La construction du port minéralier au sud du golfe de Goubet pour un coût total de 64 MUSD (prêt de l’EximBank of China), fait partie de la stratégie du gouvernement pour valoriser les ressources salines d’Assal. En effet, l’infrastructure portuaire a pour objectif de faciliter l’exploitation et l’export chaque année de 6 Mt de sel, puis après transformation, de 52 000 t de bromure de sodium et 60 000 t de soude caustique. Toutefois, malgré une inauguration en 2017, le port du Goubet est aujourd’hui non opérationnel, le détroit n’étant pas assez profond pour permettre à des bateaux d’une taille adéquate d’accéder au port.

Djibouti dispose d’un potentiel minier limité et encore peu documenté

La stratégie nationale « Vision Djibouti 2035 », établie en 2013, mentionne la présence de ressources minières dans le pays avec, notamment, des indices de perlite, de bauxite, de gaz naturel, de cuivre[2] , de zinc, de fer, d'aluminium, d'or et de pétrole. Toutefois, aucune donnée n’est encore disponible pour qualifier précisément la variété et la quantité des ressources potentielles.

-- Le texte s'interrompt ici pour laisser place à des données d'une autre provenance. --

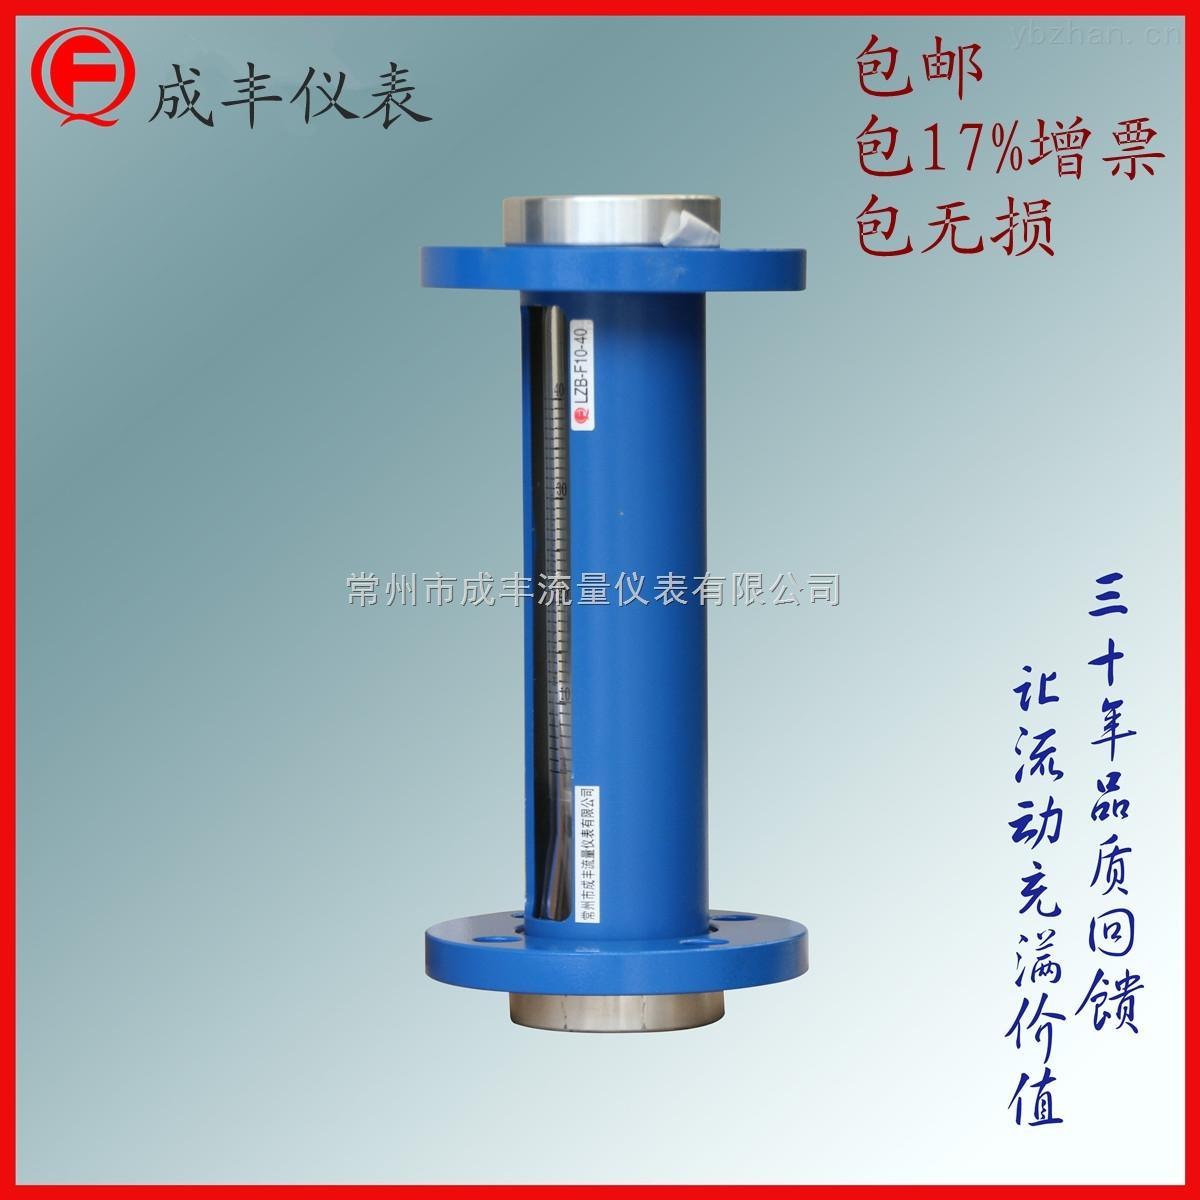 F10-40-普通型玻璃转子流量计 碳钢外壳价格便宜

Parmi ces potentialités, Djibouti fonde ses espoirs de développement économique sur l’or. Le pays a accordé 11 permis à l’entreprise Thani-Stratex, joint-venture entre le britannique Stratex International et l’émirien Thani Resource pour explorer l’or djiboutien. Les résultats des forages menés par cette dernière sur ses 11 permis auraient été concluants d’après le gouvernement.  La viabilité économique de l’exploitation de ces gisements serait en cours de détermination par l’entreprise. 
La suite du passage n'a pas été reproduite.